WHAT YOU WILL DO: All lines from the one containing "2017 Women With" through the end of the material below are to be printed exactly, both ends included, minus pictures.

DATA:
::::::::::

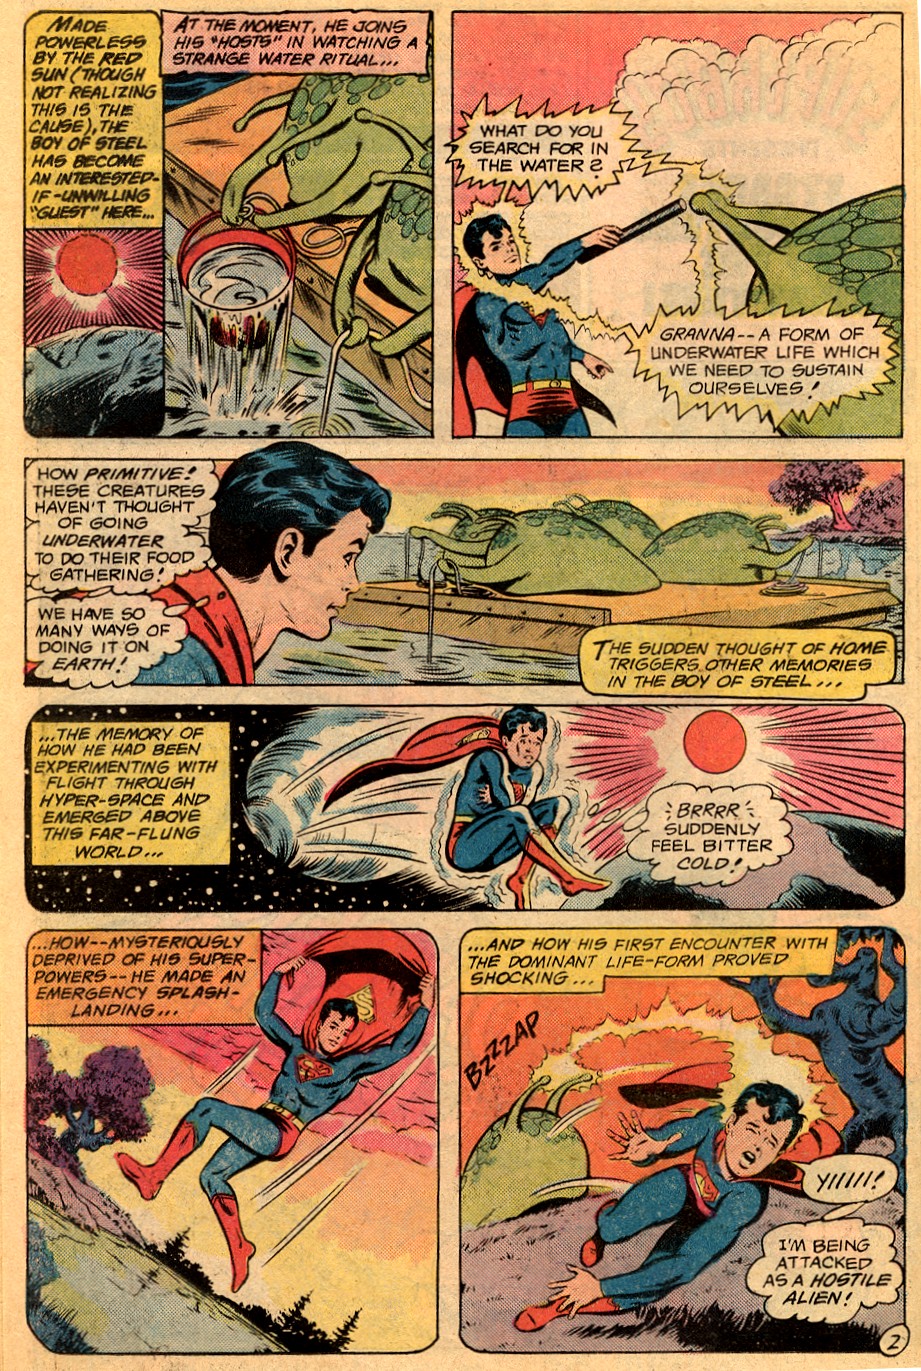 The New Adventures of Superboy 21 Page 25
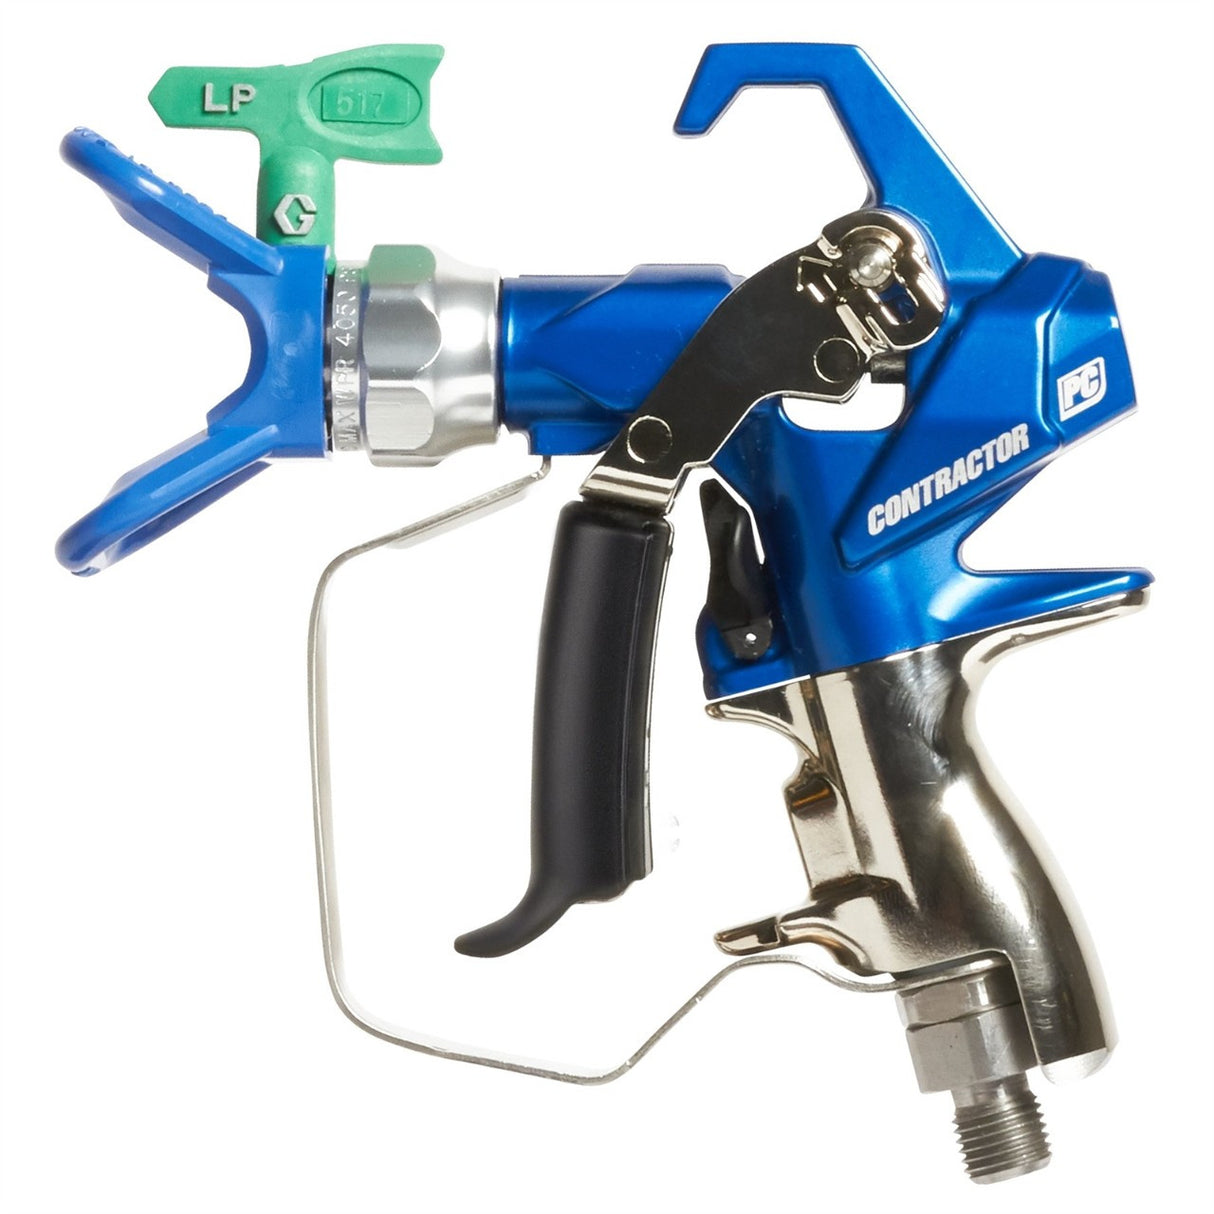 Graco Compact Contractor PC Spray Gun - Its Small, Its Light, Its Premium
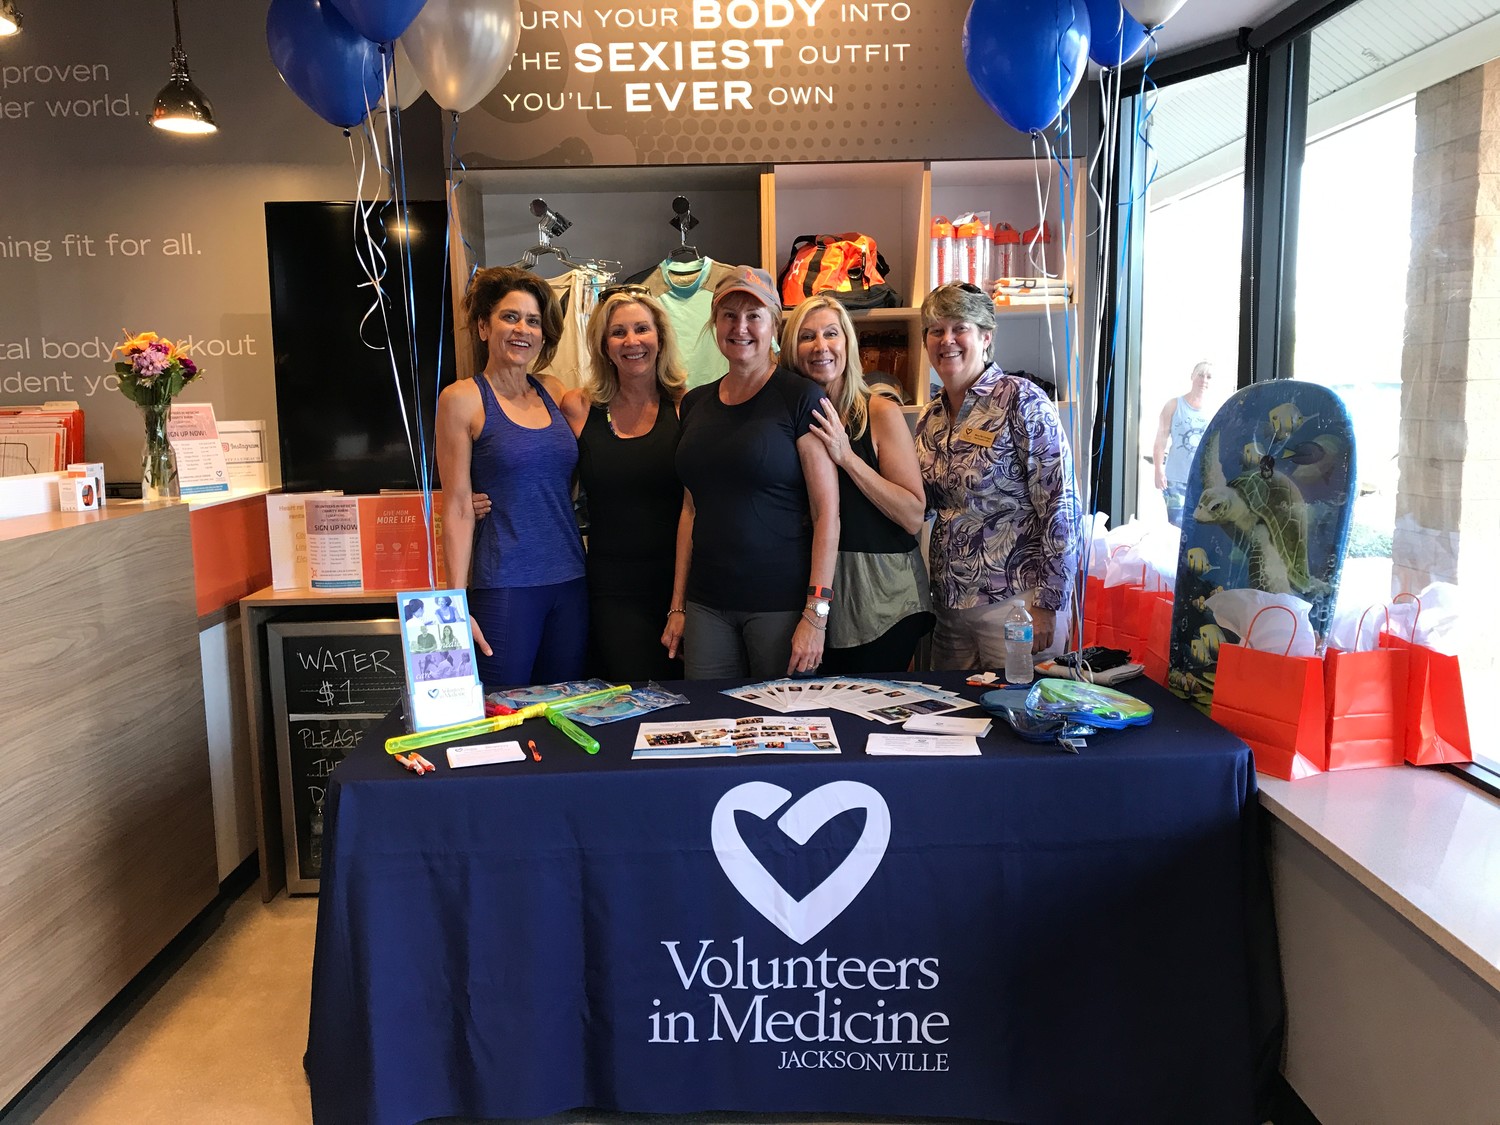 2017 Women With Heart honoree Aimee Boggs (from left); 2018 honorees Shelley Morgan, Leslie Gordon and Dany Atkinson; and Volunteers in Medicine CEO Mary Pat Corrigan attend one of the Orangetheory Fitness Charity Burn events.
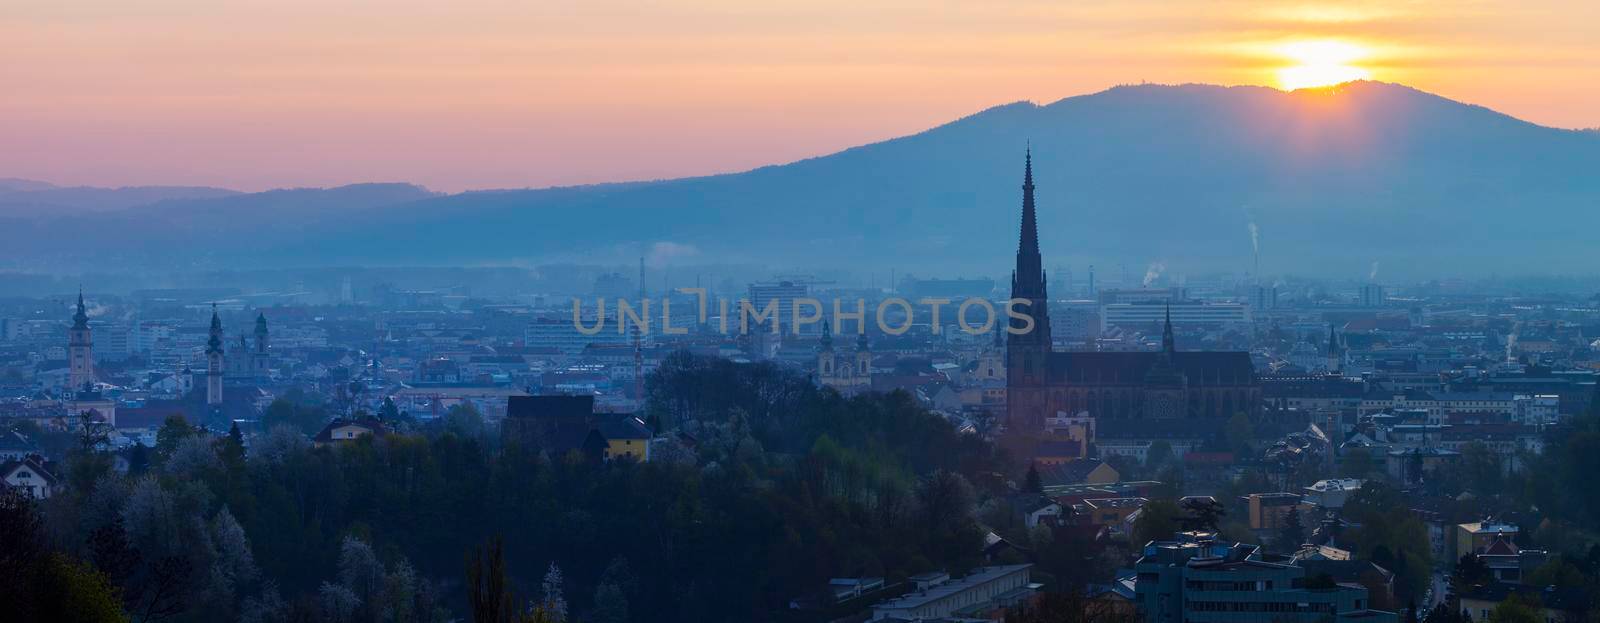 Linz panorama at sunrise by benkrut

::::::::::

SOLUTION:
 2017 Women With Heart honoree Aimee Boggs (from left); 2018 honorees Shelley Morgan, Leslie Gordon and Dany Atkinson; and Volunteers in Medicine CEO Mary Pat Corrigan attend one of the Orangetheory Fitness Charity Burn events.
 Linz panorama at sunrise by benkrut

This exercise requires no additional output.